Change the Way You Think About Pain commence par l'imparable « Bite the Hook » qui reprend juste là où le précédent disque s'est arrêté. À plusieurs reprises, on frôle même la réécriture, comme sur « Echo of Nothing » qui reprend la même structure que « Still Burning » avec plus de mid-tempo. Malgré les réminiscences, c'est un bonheur de retrouver un Brendan Garrone en pleine forme avec son delivery impeccable et son écriture fine et contestataire : « When the well dries up / The bread has turned to crumbs / They'll look down at the street / And use the stones to speak / Every window deserves a brick »

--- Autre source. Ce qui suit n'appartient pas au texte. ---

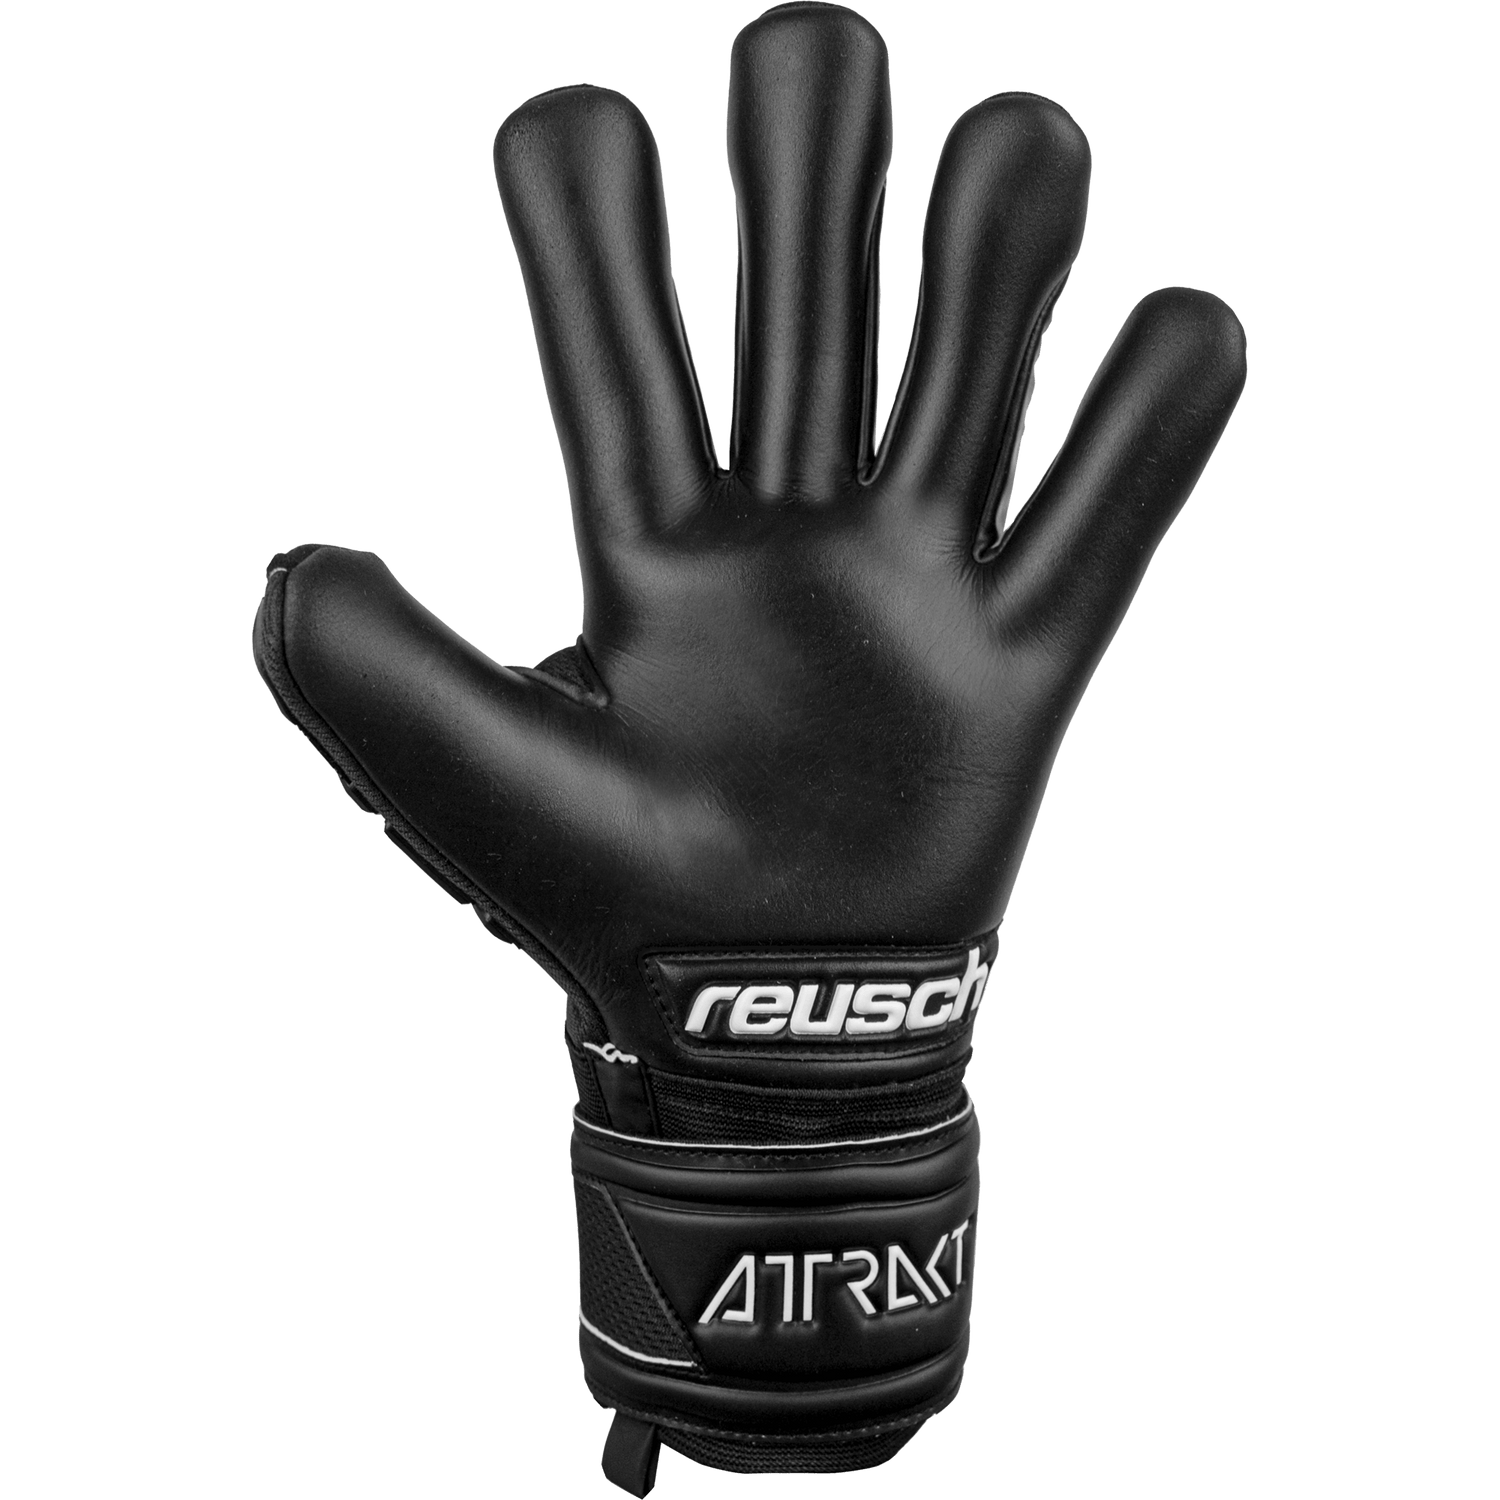 Reusch Attrakt Freegel Infinity FS Goalkeeper Glove - Black (Single - Inner)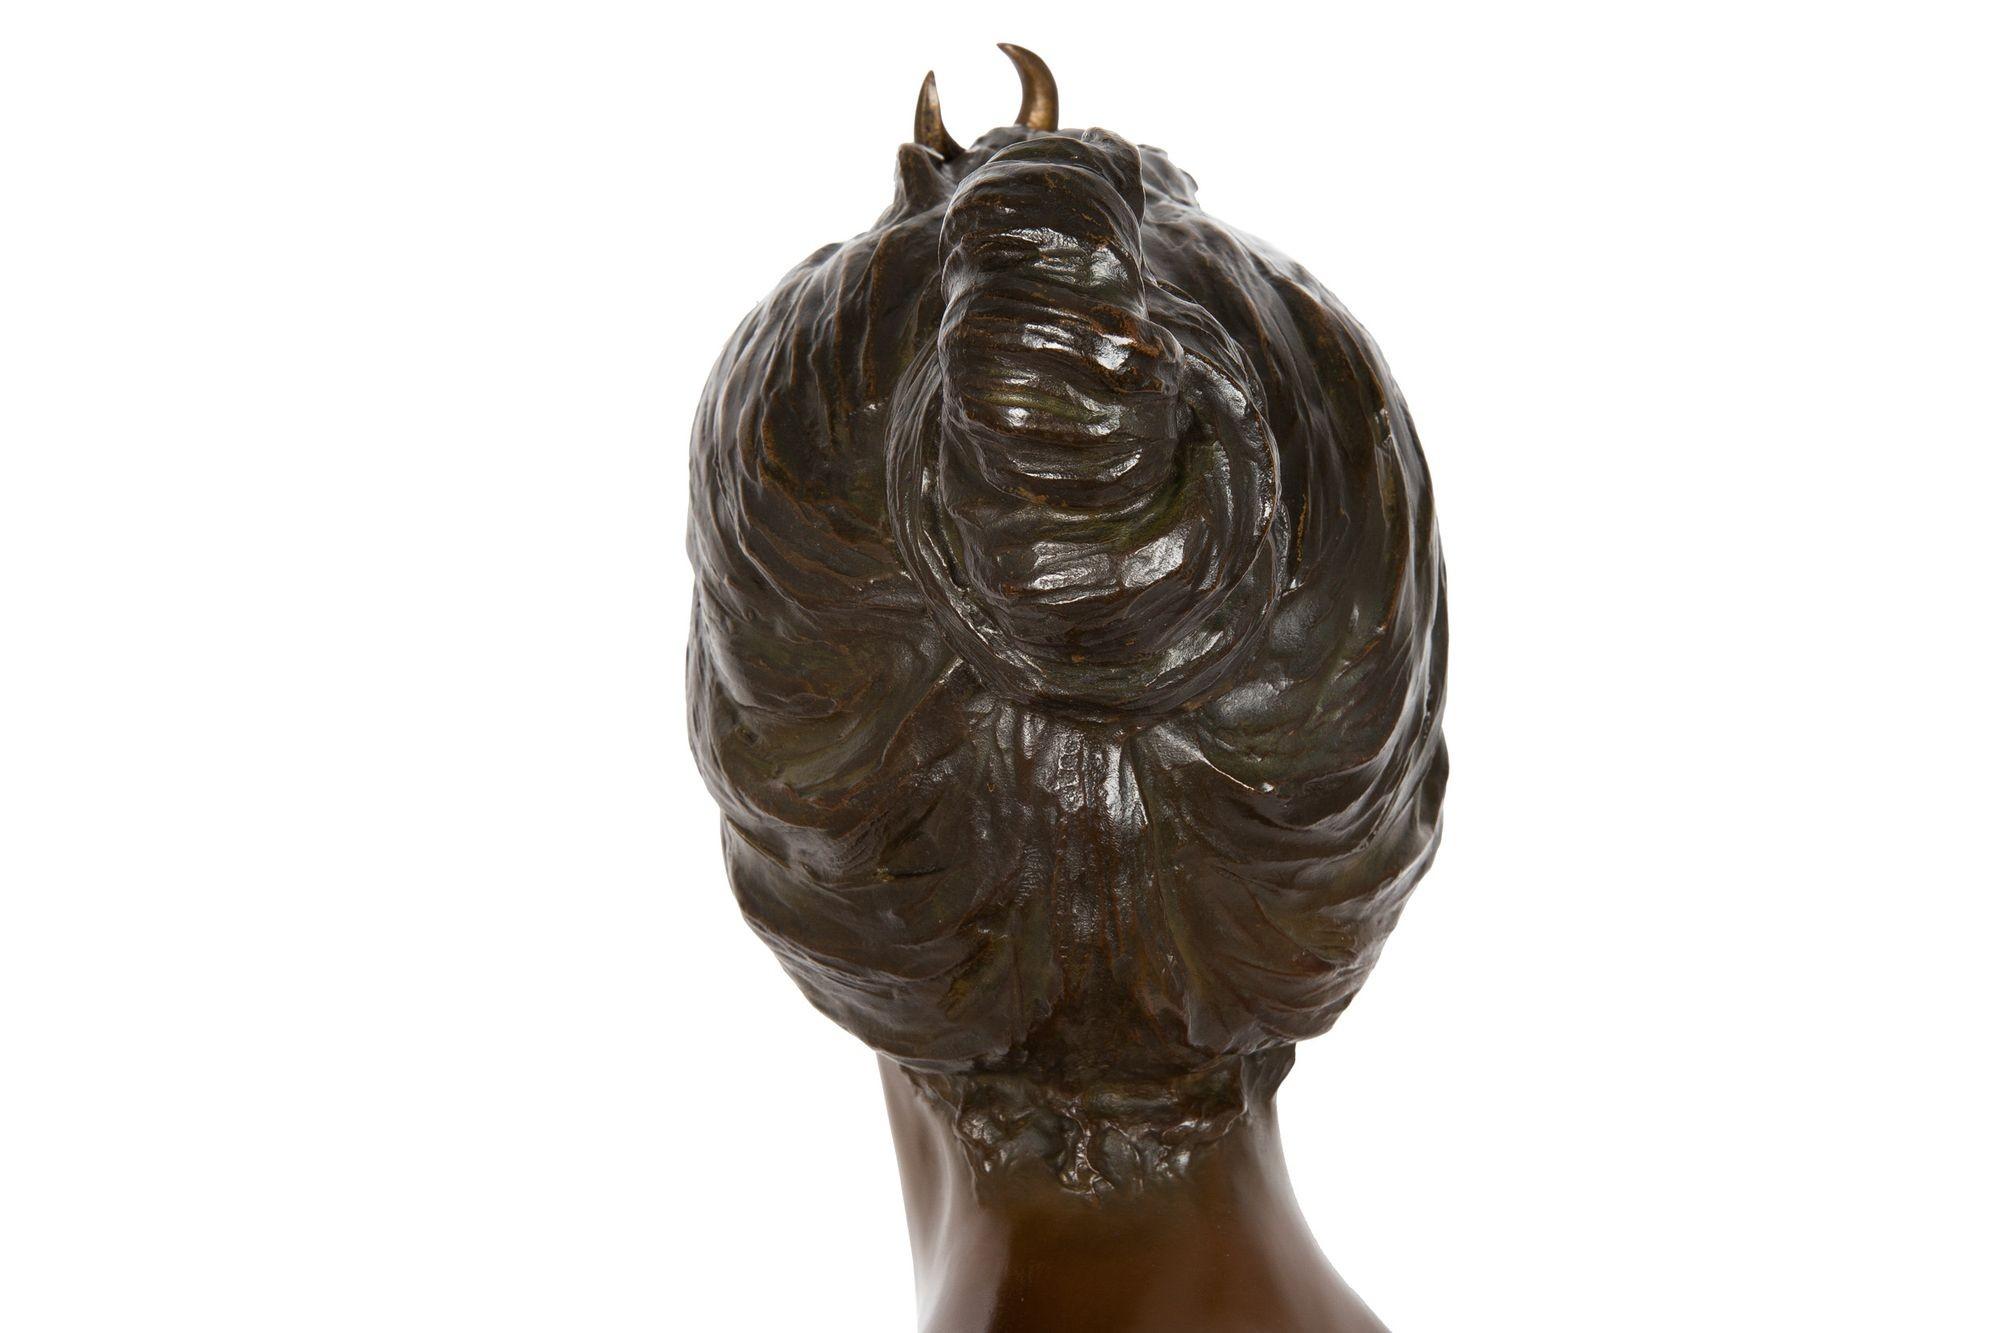 French Art Nouveau Bronze Sculpture “Bust of Diana” by Emmanuel Villanis For Sale 10

Côté nouveautés, on peut remarquer un retour à des plans beaucoup plus metal, comme sur « Host/Parasite » et son palm mute sauvage ou sur le refrain très Hatebreed-esque de « Rats in the Cellar ». Le poids des tonalités thrash metal ne s'était pas autant fait sentir depuis Cost of Living. Quant au tube de l'album, « Lie of Liberty », en plus d'être une critique acerbe des incohérences de la posture libertarienne américaine, conjugue un riff classique du groupe avec une guitare mélodique pour un premier couplet et un refrain iconiques. 

Même si Incendiary reste deux têtes au-dessus de la mêlée, certains titres de l'album ont des allures de chutes de studio, ce qui se voit vite sur un disque de 10 titres pour moins de 30 minutes. C'est particulièrement le cas de « C.T.E » et « Collision ». Change the Way You Think About Pain est un album réussi et enthousiasmant pour tous les fans de hardcore charpenté, mais on peut quand même se permettre d'espérer d'Incendiary davantage de renouvellement dans le futur.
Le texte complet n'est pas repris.